Our Cyber Threat Intelligence Unit is monitoring CVE-2025-22225, a high-severity VMware ESXi vulnerability disclosed and patched by Broadcom in March 2025. CISA’s KEV Catalog now indicates the vulnerability is known to be used in ransomware campaigns, increasing urgency for organizations running vulnerable ESXi deployments. Attackers with sufficient VMX process privileges can escape the virtual machine sandbox and compromise the ESXi host. While exploitation is not unauthenticated or purely network-based, ransomware operators have demonstrated the ability to chain this vulnerability after gaining initial access to a guest virtual machine, allowing host-level actions and increasing the potential impact. Successful exploitation may result in ransomware deployment, widespread service disruption, and loss of availability in virtualized environments. Organizations are strongly advised to apply vendor patches, assess exposure, and enhance monitoring for suspicious guest-to-host activity that may indicate VM escape attempts. 

Technical Details

  • CVE-ID: CVE-2025-22225

  • Severity: High (CVSS v3.1 8.2)

  • Vulnerability Type: Arbitrary Write leading to potential sandbox escape (guest-to-host)
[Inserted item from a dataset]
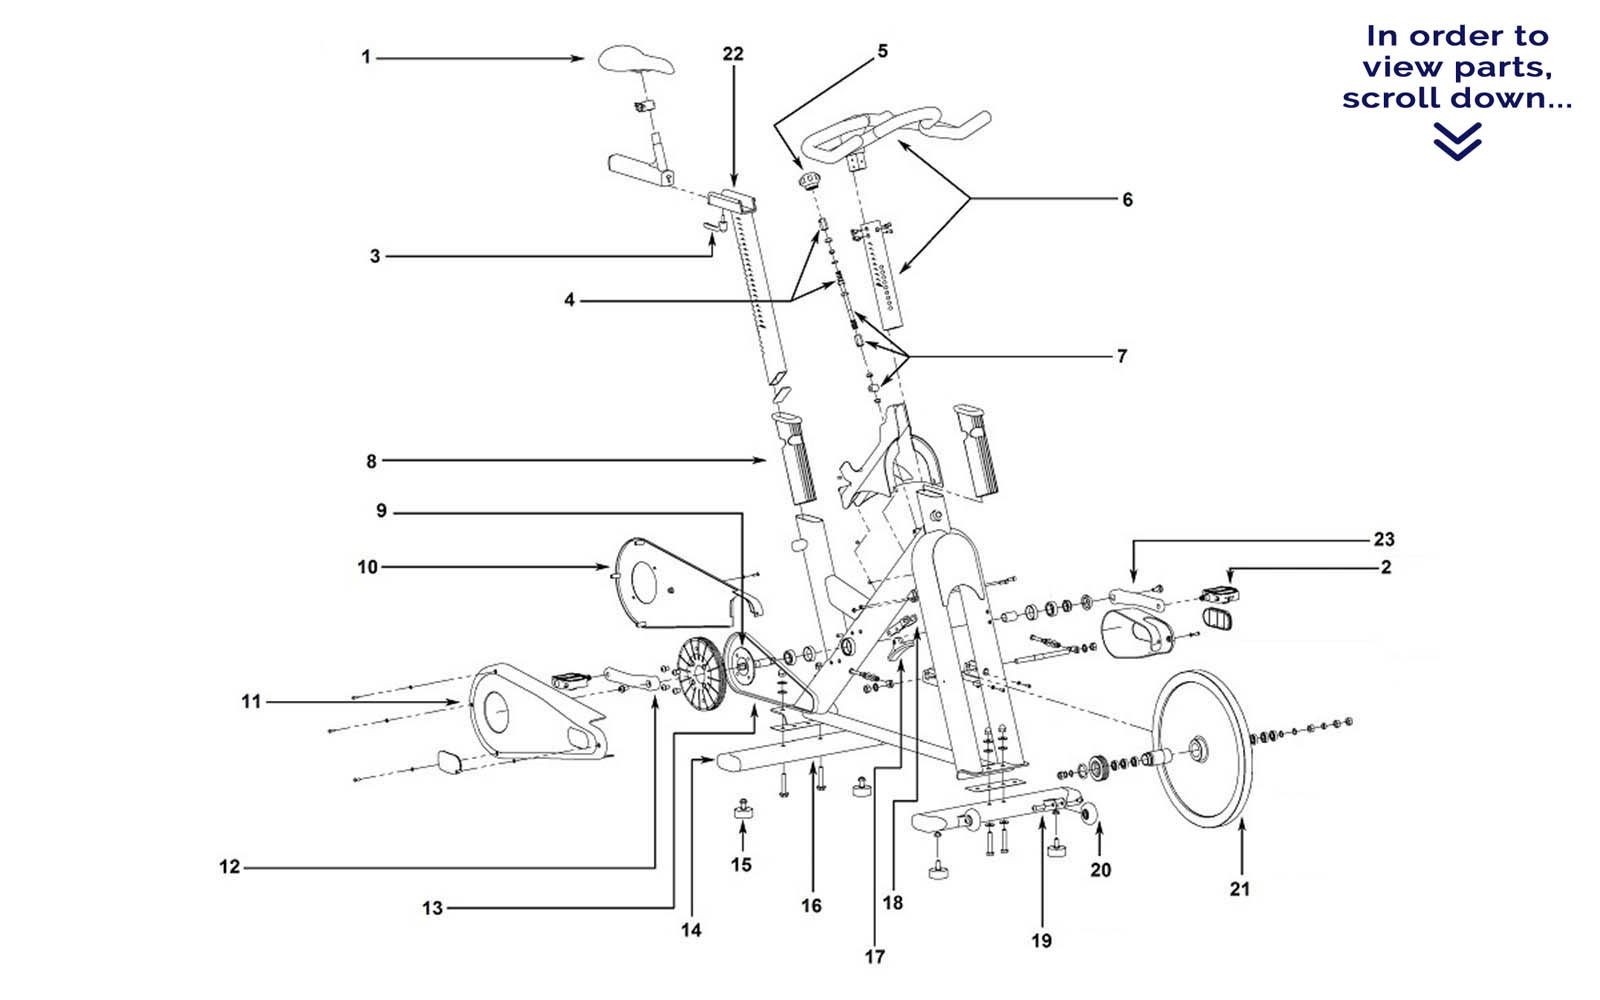 Matrix Tomahawk E-Series--Scroll down to view parts
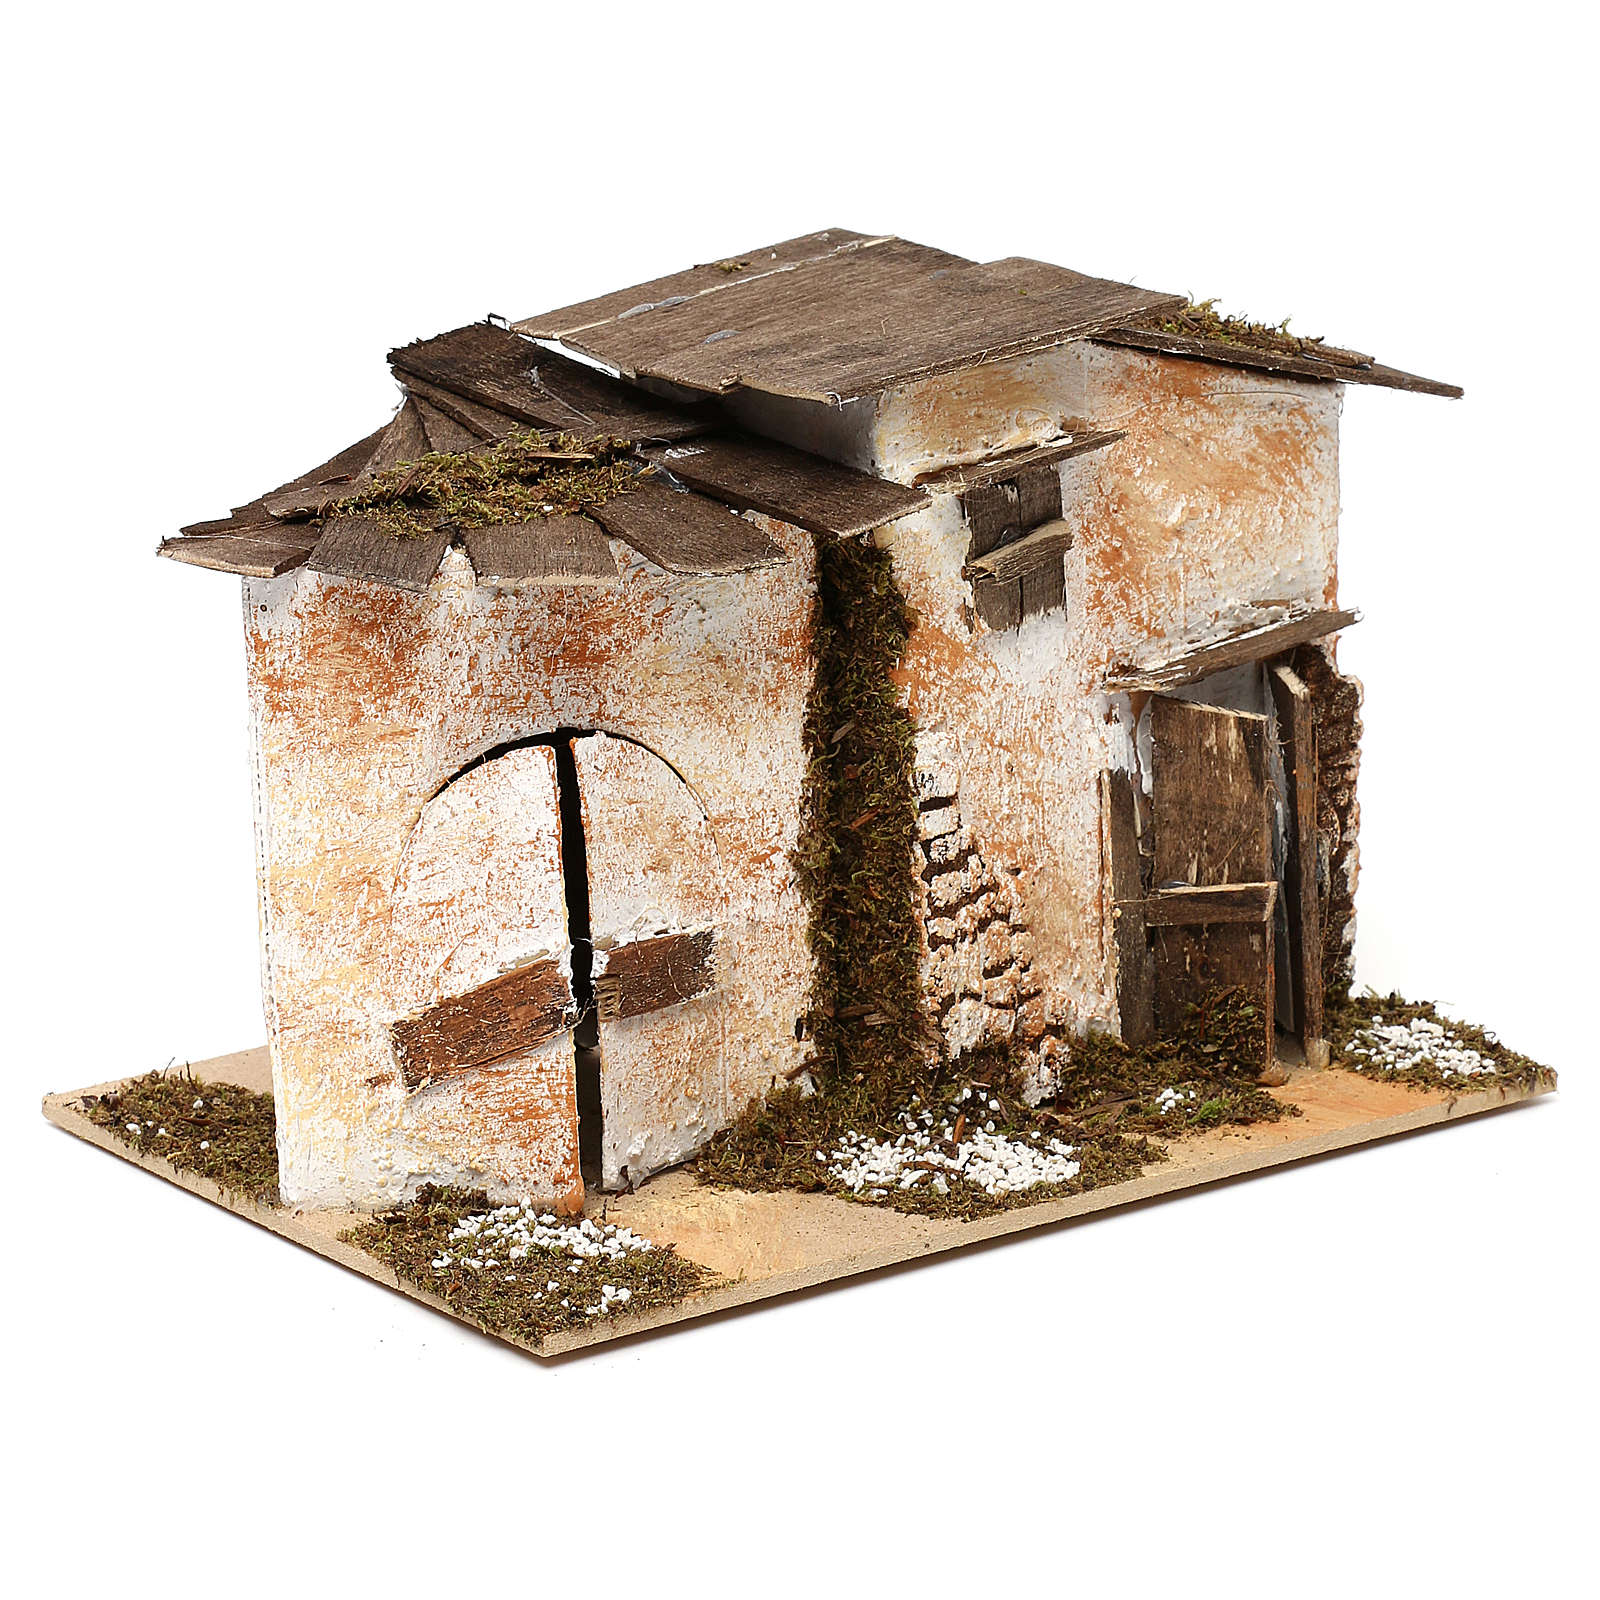 Casetta in stile rustico con 2 ingressi 15x20x15 per presepi di 7 cm 4

  • Component Affected: VMware ESXi Hypervisor (VMX process)

  • Attack Vector: Local

  • Privileges Required: High (attacker must have privileges within the VMX process)

  • User Interaction: None

  • Attack Conditions:

    • The attacker must first obtain privileged execution within a guest virtual machine, typically through credential compromise, malware infection, or exploitation of another vulnerability.

    • A specially crafted sequence can trigger an arbitrary kernel write, allowing the attacker to escape the VM sandbox and interact with the ESXi host.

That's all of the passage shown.